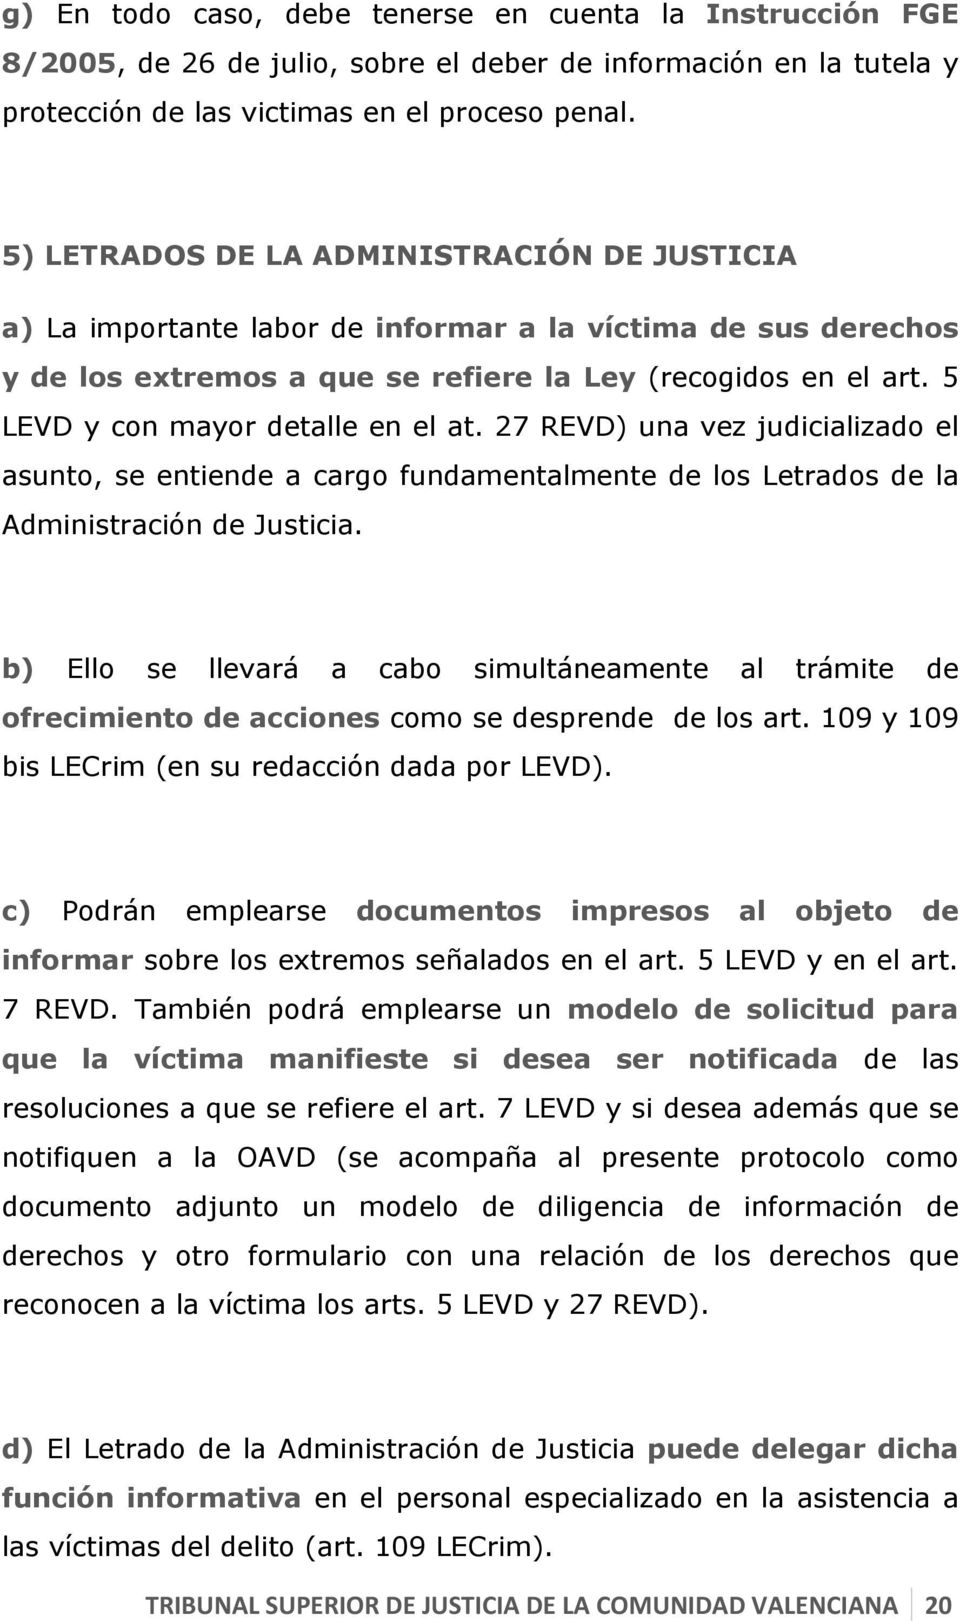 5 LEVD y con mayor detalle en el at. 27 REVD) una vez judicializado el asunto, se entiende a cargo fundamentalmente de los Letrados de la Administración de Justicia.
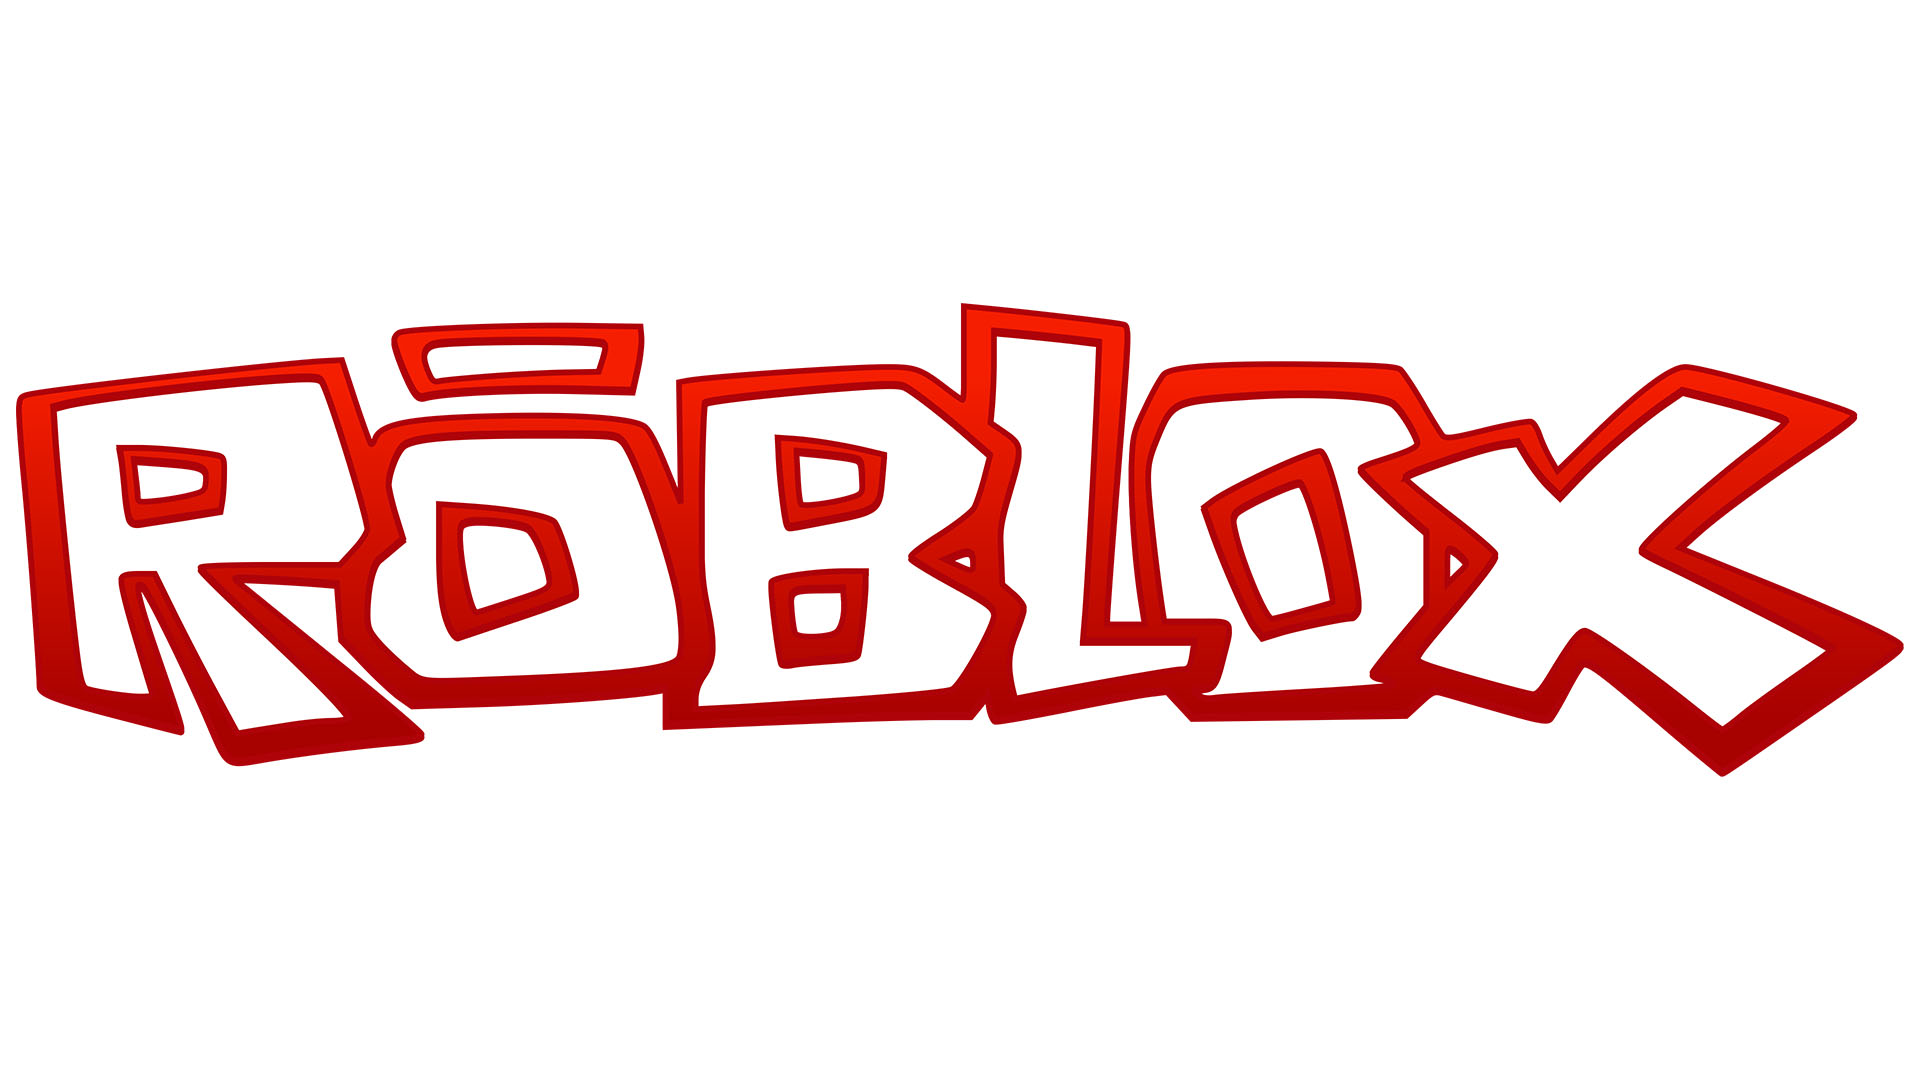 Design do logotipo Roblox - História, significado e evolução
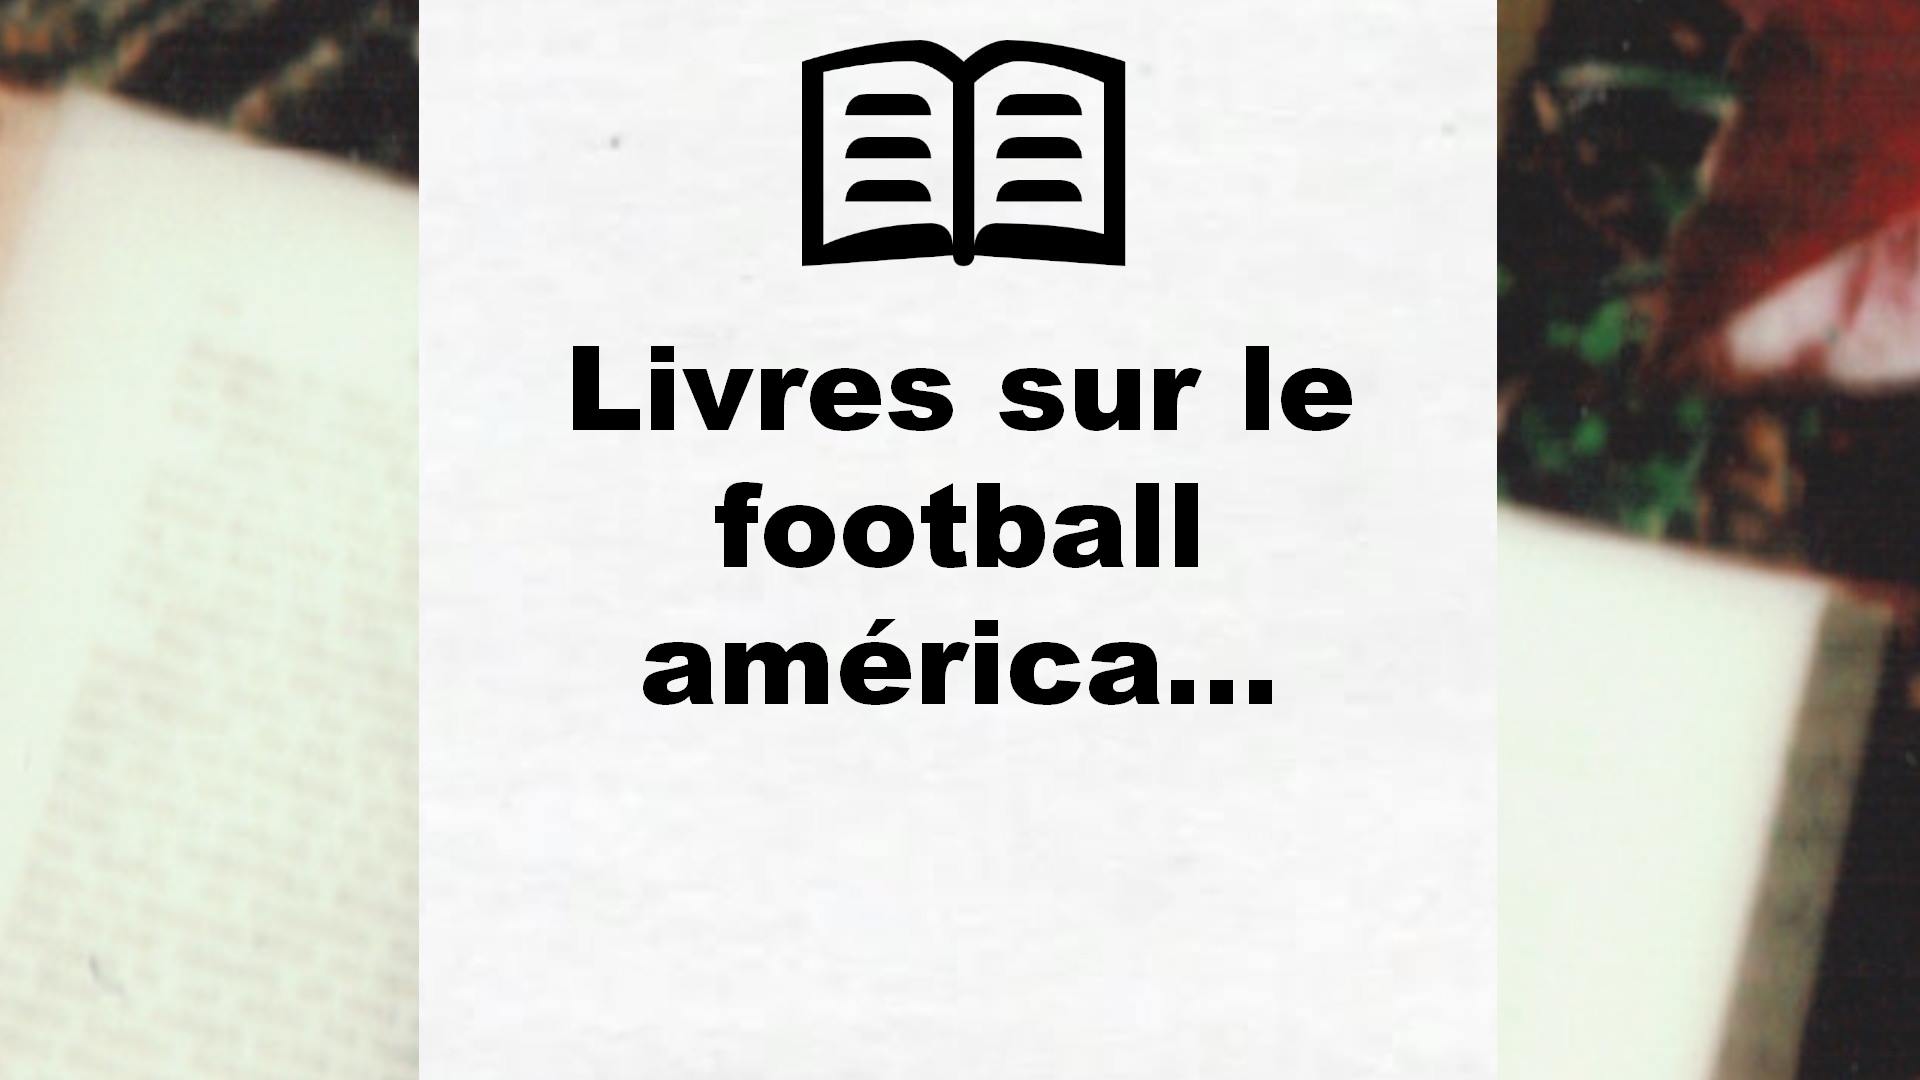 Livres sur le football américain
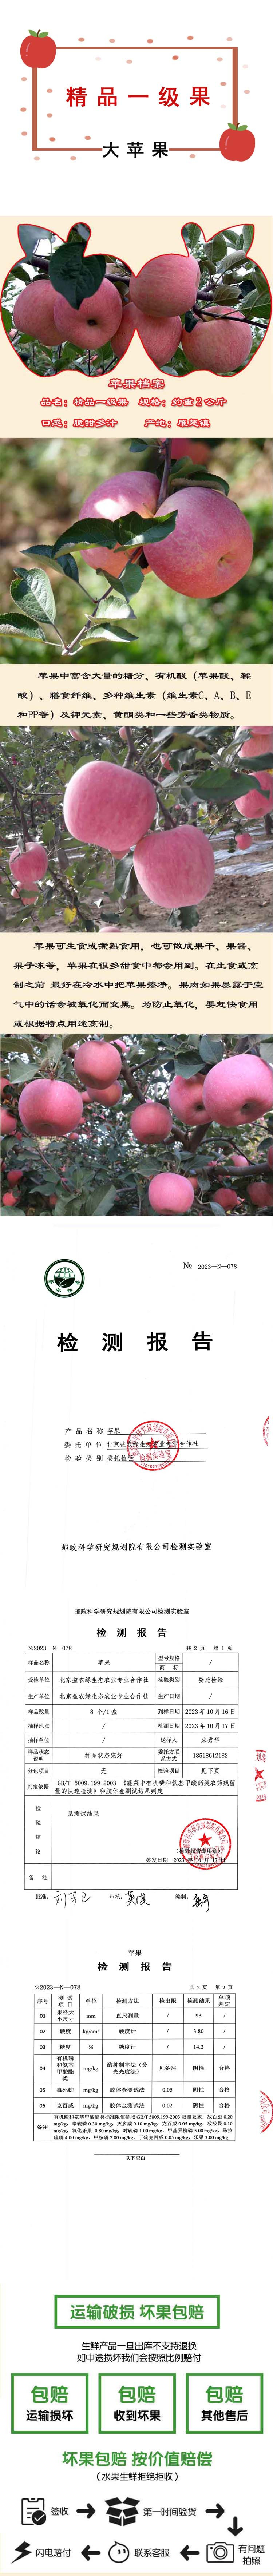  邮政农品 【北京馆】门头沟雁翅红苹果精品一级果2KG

WORK TASK - Would you retype the material exactly, omitting each picture?

WRITTEN RESPONSE -
 5 LEVD y con mayor detalle en el at. 27 REVD) una vez judicializado el asunto, se entiende a cargo fundamentalmente de los Letrados de la Administración de Justicia.
 Design do logotipo Roblox - História, significado e evolução
 Livres sur le football américain
  邮政农品 【北京馆】门头沟雁翅红苹果精品一级果2KG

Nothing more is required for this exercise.